Although a reduction in breast cancer mortality has not been demonstrated with MRI screening in high-risk women, the higher detection rate of cancerparticularly invasive cancerwith MRI, coupled with the earlier stage at detection led the American Cancer Society to conclude that sufficient evidence exists to recommend annual MRI screening for women proven to be mutation carriers, untested first-degree relatives of mutation carriers, and women with a lifetime risk of breast cancer development of 20% or greater as determined by models based on a family history of breast cancer.
Screening Other High-Risk Women
Very little information is available to assess the benefits of MRI screening in women at risk for reasons other than family history. Port and coauthors performed a retrospective study of 252 women with lobular carcinoma in situ (LCIS) and 126 with atypical hyperplasia followed with and without MRI. Patients selected for MRI screening were younger and had stronger family histories of breast cancer than their counterparts screened with mammography. Cancer was identified in 1% of the 478 MRIs performed, and 25% of the patients undergoing MRI received a biopsy recommendation during the study period, the majority of which were generated by findings seen on MRI alone. In comparison, abnormalities on physical exam or mammogram prompted biopsy in 11% of patients. In addition, 48% of patients undergoing MRI had at least one study requiring short-interval follow-up. A total of 8 cancers were found in the MRI group, 6 by MRI alone. The sensitivity of MRI was 75%, the specificity 92%, and the positive predictive value was 13%.
These data do not provide clear evidence of benefit for MRI screening in the population of women with LCIS and atypical hyperplasia, but they clearly illustrate the costs of screening in terms of follow-up examinations and biopsies. Further evaluation of the impact of recall, short-interval follow-up, and benign biopsies on compliance with screening is warranted before widespread adoption of MRI screening in populations at lower risk than women with known or suspected BRCA1/2 mutations is undertaken.

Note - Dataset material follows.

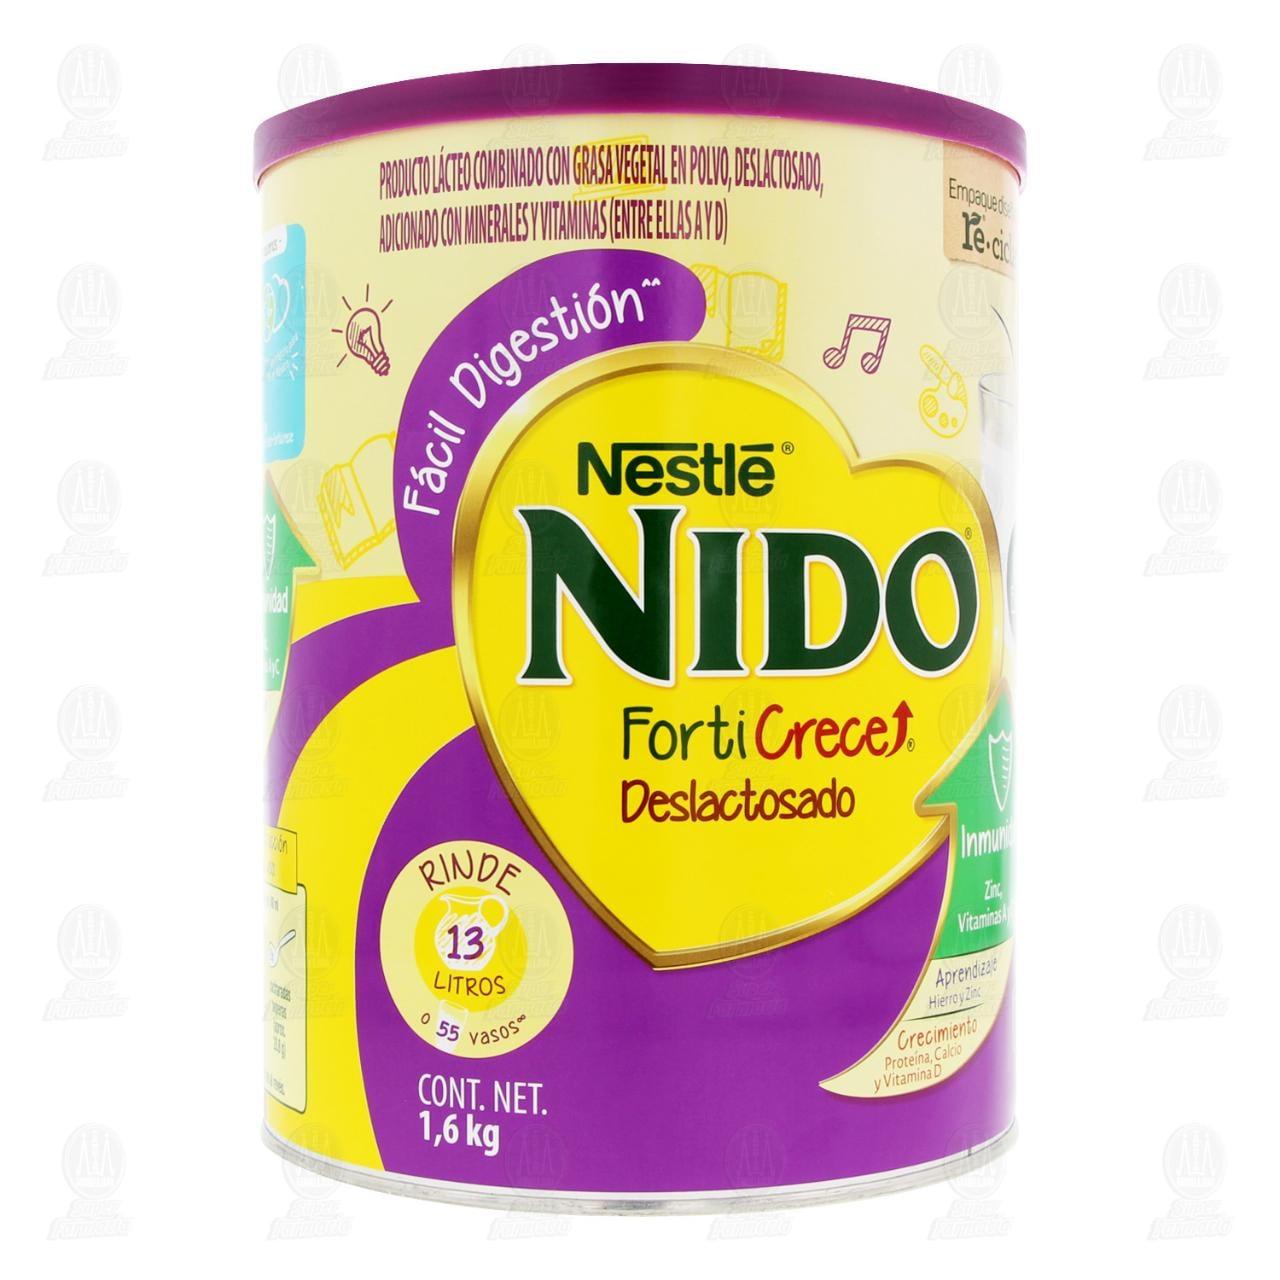 Comprar Producto Lácteo Nido FortiCrece Deslactosado, 1.6 kg. en Farmacias Guadalajara

In a study of a subset of 611 women included in the United Kingdom MRI screening study, 89% reported that they would definitely return for further screening, but 4% found MRI "extremely distressing" and 47% reported intrusive thoughts about the MRI exam 6 weeks later.
The current American Cancer Society recommendations for breast MRI screening are summarized in Table 2. It is important to note that breast MRI is an adjunct to mammography, not a replacement, and that clinical breast exam remains an important part of the surveillance of women at high risk. Cancers seen on mammography but not MRI continue to be observed, and although the problem of interval cancers is reduced by MRI screening, it is not eliminated.